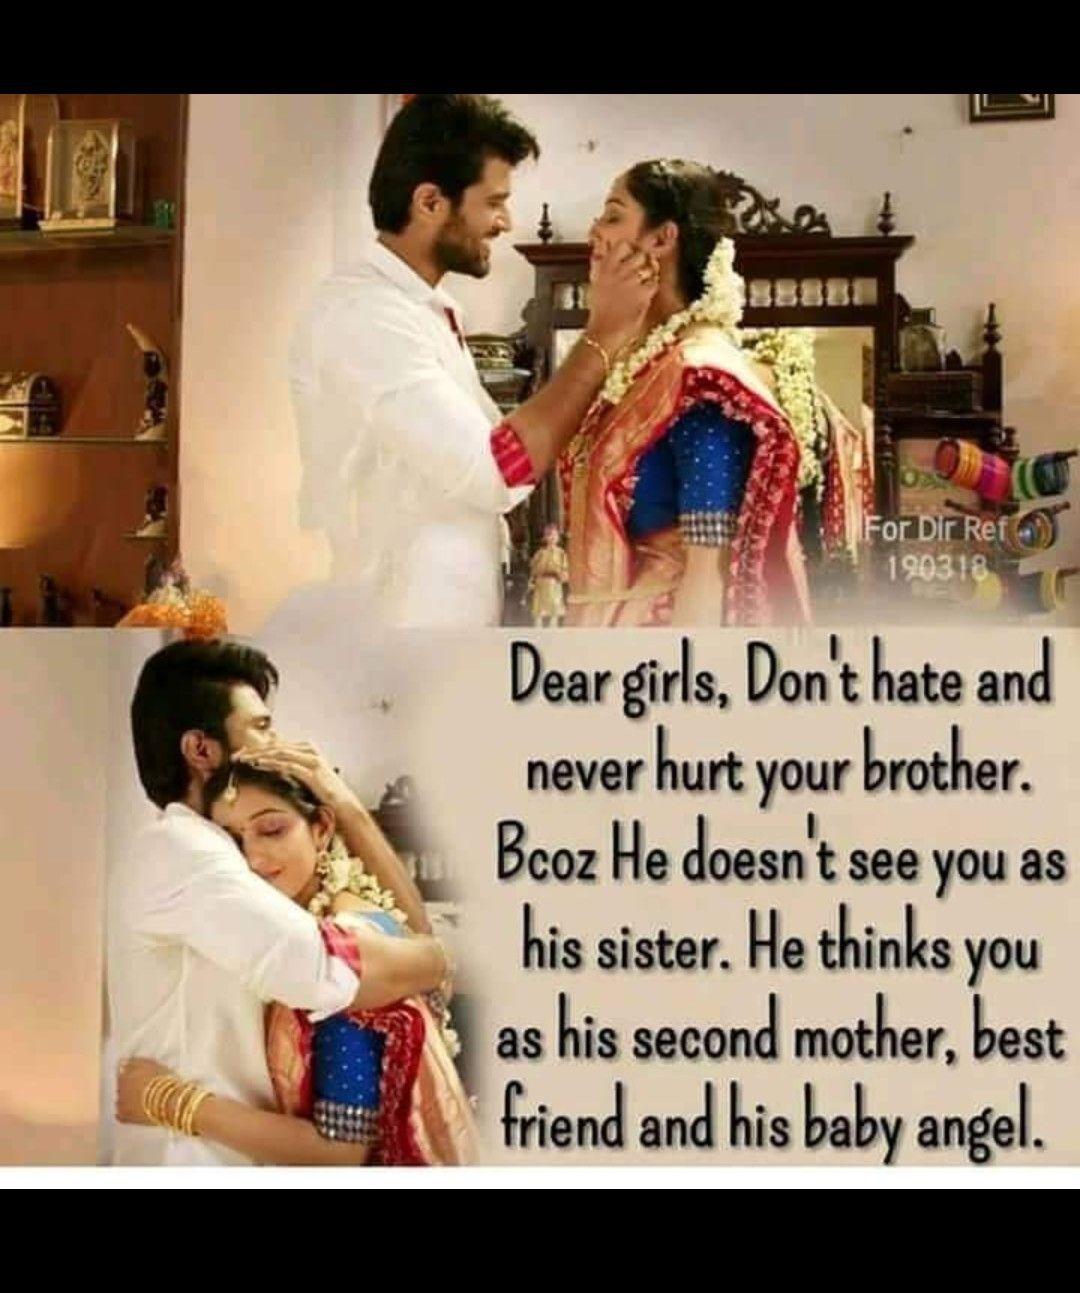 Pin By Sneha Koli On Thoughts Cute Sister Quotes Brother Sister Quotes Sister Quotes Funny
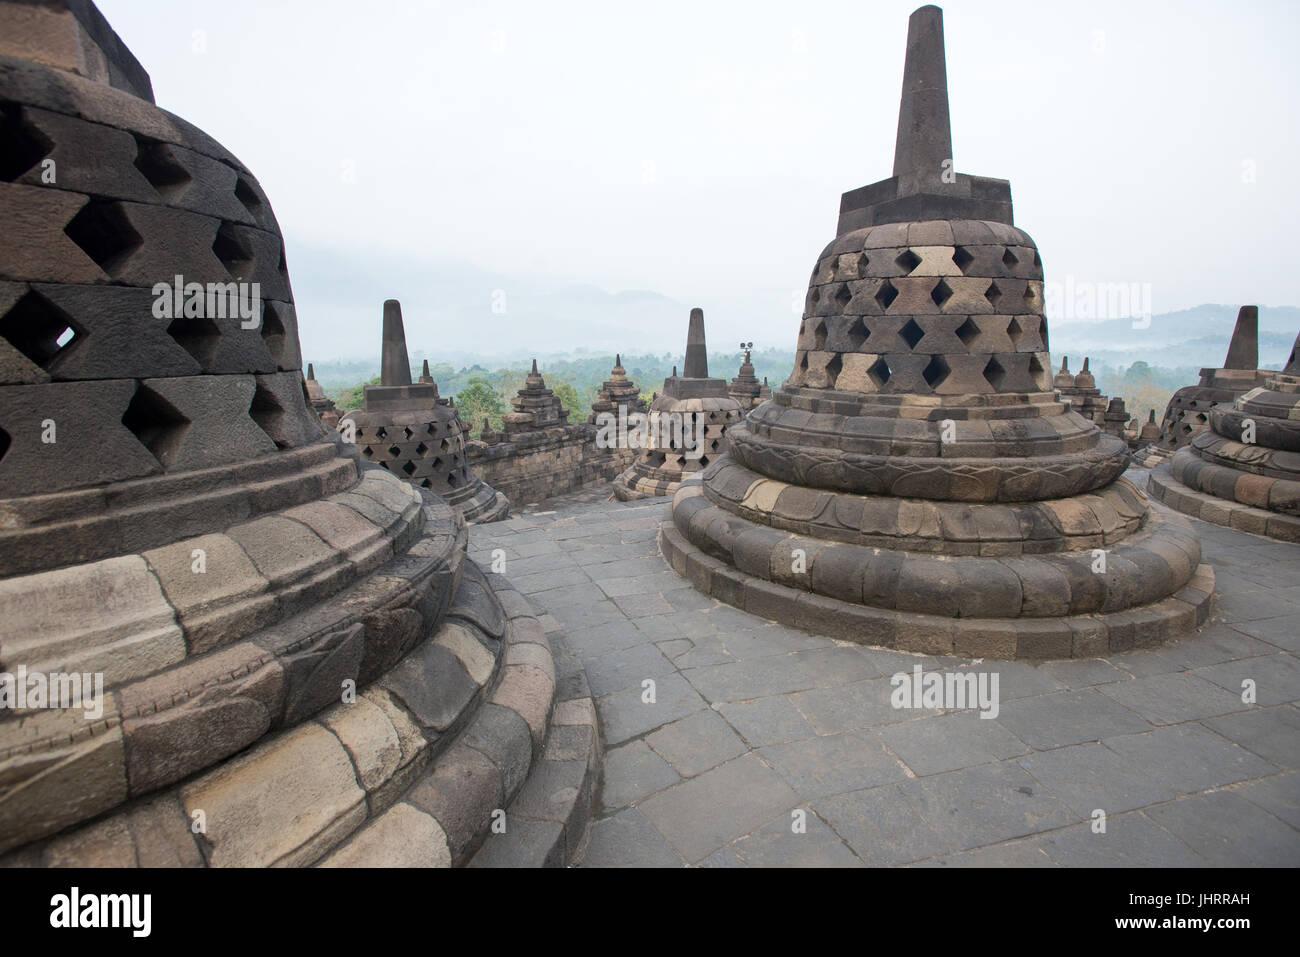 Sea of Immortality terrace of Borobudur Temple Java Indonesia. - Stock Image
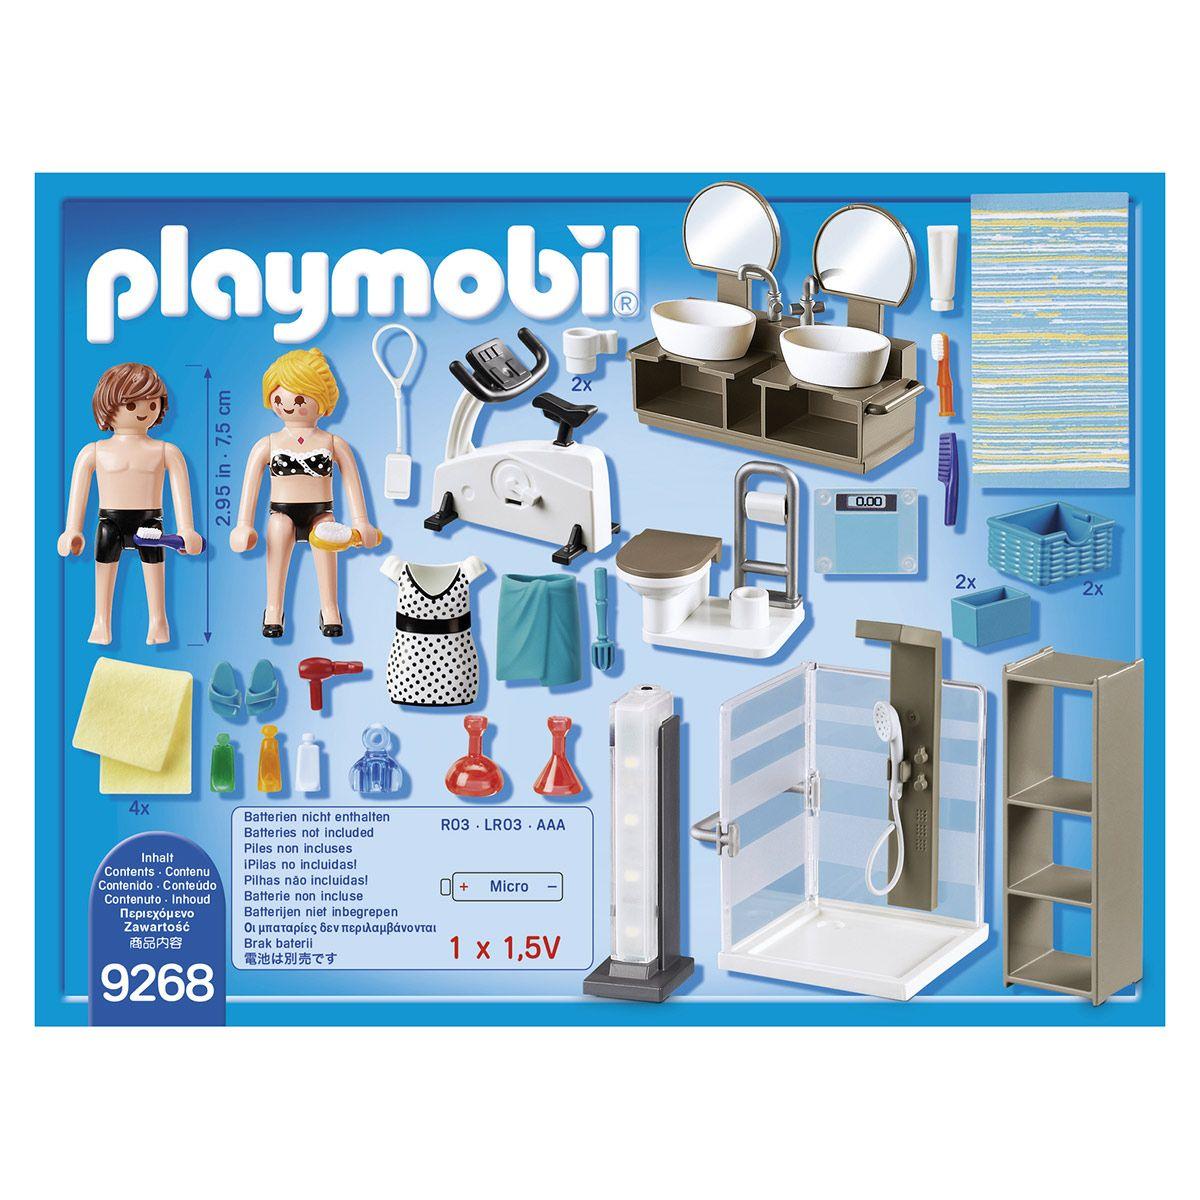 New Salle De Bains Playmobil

........

Each line from the line containing "Sea of Immortality" through the last line above must be written out exactly, and every picture must be omitted.

 Sea of Immortality terrace of Borobudur Temple Java Indonesia. - Stock Image
 New Salle De Bains Playmobil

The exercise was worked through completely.